А командир взвода управления дивизиона зашипел на Коляшу:

- Н-ну, ты у меня попляшешь! Н-ну, ты у меня попомнишь...

"А пошёл ты на...",- хотел сказать Коляша, но уже выкричался, ослабел,

на него сонное смирение накатило. Только рукой слабо отмахнулся, будто паука

отогнал, и подался в свою машину, и спал в кабине до тех пор, пока не

приспело двигаться дальше.

Но сколько по морю ни плыть - берегу быть. Приехали в места

сосредоточения, неделю без памяти спали в весеннем, зеленью брызнувшем

берёзнике, по которому вальдшнепы по вечерам тянули, дрозды и другие птахи

тут резвились, напевали, нарядные чирки в лужи светлые падали, селезни

чиркали и крякали, подзывали сторожких самок. Никто по птице не стрелял,

никто не шумел, не демаскировался. Берёзник этот светлый, углубляясь,

переходил всё в тот же необъятный брянский лес, смешивался с ним и в нём

растворялся. Оподолье ж берёзовой рощи спускалось к реке Оке и со спотычками

об овраги, лога, косолобки и курганы переходило то в чапыжник, то и вовсе в

прибрежную, густо сплетённую шарагу. Лес и кустарники прорежены войском,

изранены, повалены, загажены. Как же иначе-то, раз человек - засранец, то и

засрал всё вокруг себя...

Нанеся сокрушительный удар по врагу зимней порой, русское войско,

достигнув речных рубежей, выдохшееся в зимнем походе и остановленное

немцами, жило на здешних берегах, сводя берёзник на топливо, не вело не

только боевых действий, оно вообще никак себя не проявляло, ни в труде, ни в

борьбе. На восемь километров или на всё десять тянулась рыжая ниточка

полуобвалившейся траншеи, оплывшей по брустверам. К ней вели невычищенные

ходы сообщений, от них окопчики и щёлки к огневым точкам, которых тут кот

наплакал. Войско, заспавшееся, волосом обросшее, задичавшее от безделья, с

глухой зимы настойчиво ждало замены и вот дождалось, ушло куда-то,

распоясанное, ленью и сном объятое, и шло-то не по грязным траншеям, не по

жидко чавкающим ходам сообщения, поверху шло, никого и ничего не боясь.

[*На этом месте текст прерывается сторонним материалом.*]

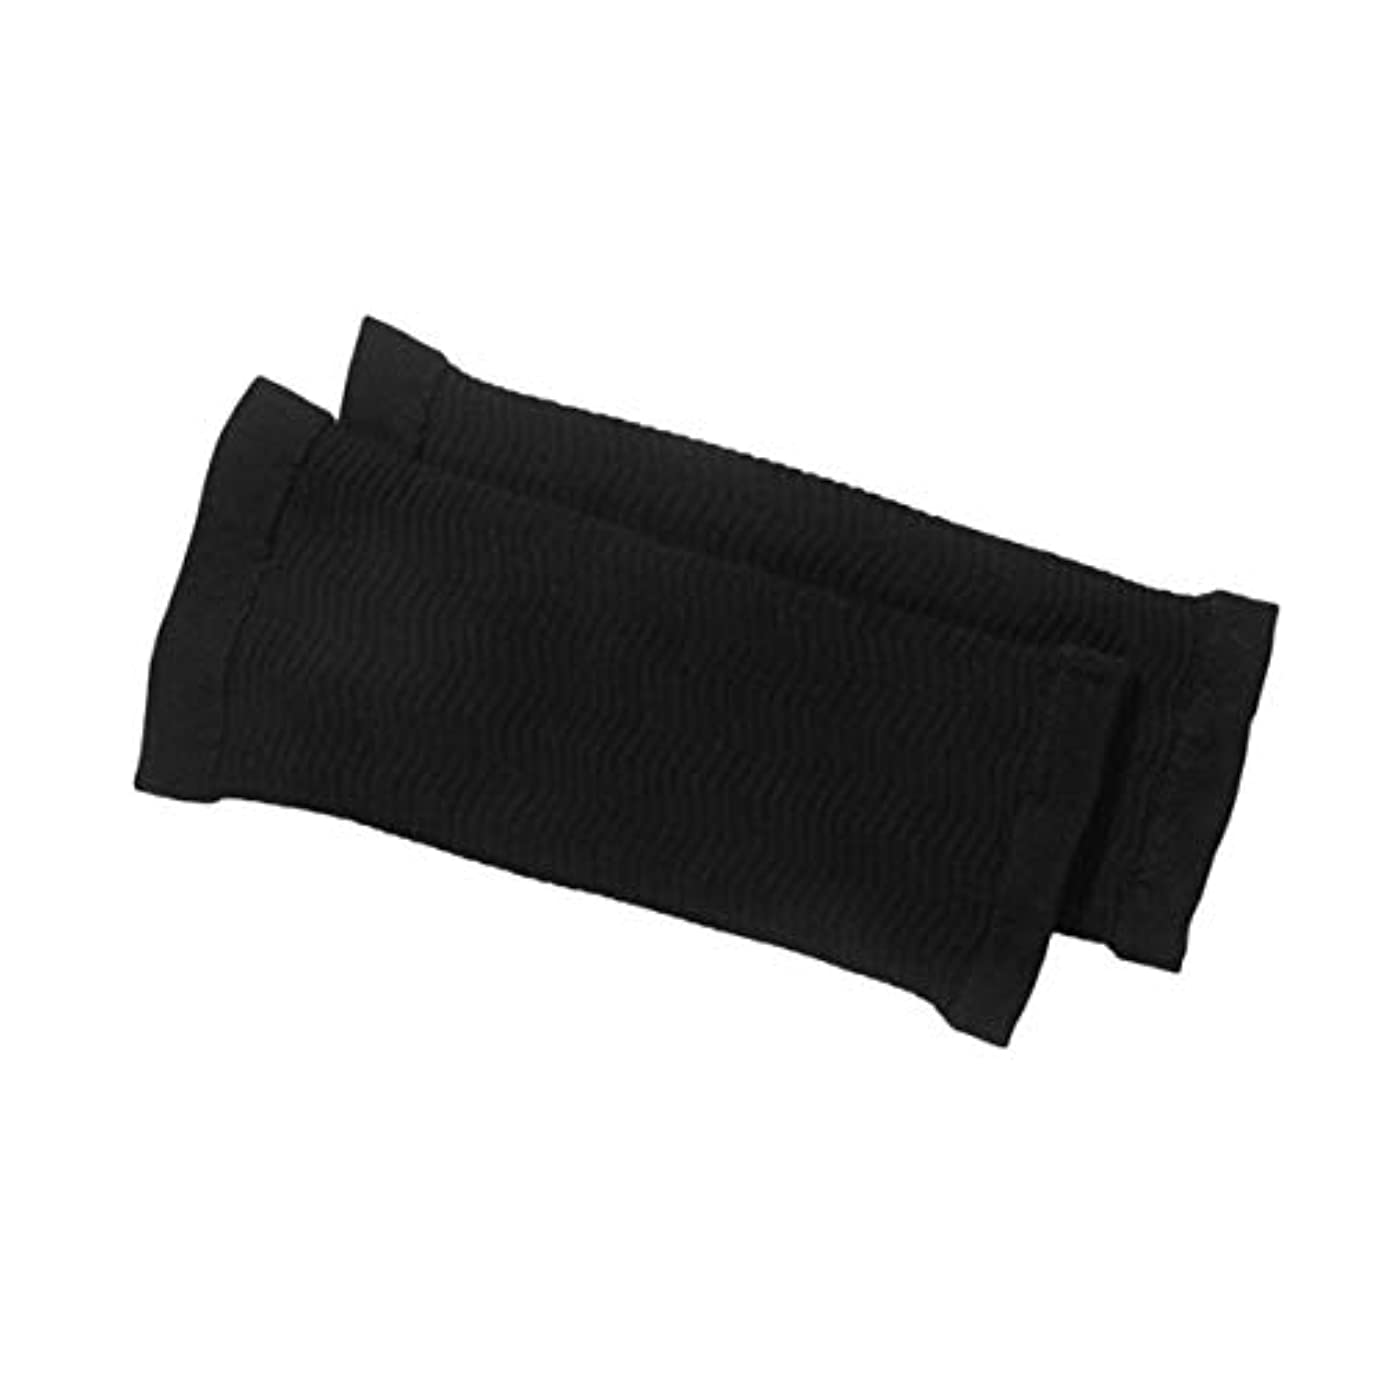 薄汚い余分な少数1ペア420 D圧縮痩身アームスリーブワークアウトトーニングバーンセルライトシェイパー脂肪燃焼袖用女性 - 黒

Враг не стрелял. Враг-фашист укреплялся за Окой. Скоро узнать дано

будет: построена там трёхрядная оборона, причём первые, наречные ряды

обороны сплошь бетонированы, ограждены системой огнемётов, все огневые точки

не только укреплены, но и пристреляны, связь, как всегда у немцев, меж

линиями обороны и тылами отлажена, что часы.

И тем не менее, командование нового, Брянского фронта именно здесь

намечало удар во фланг Курско-Белгородского клина, чтобы уж с маху, когда

начнётся битва на Курско-Белгородском выступе, отрезать всю массу фашистских

оккупантов, да и кончить разом с этой выжигой-Гитлером.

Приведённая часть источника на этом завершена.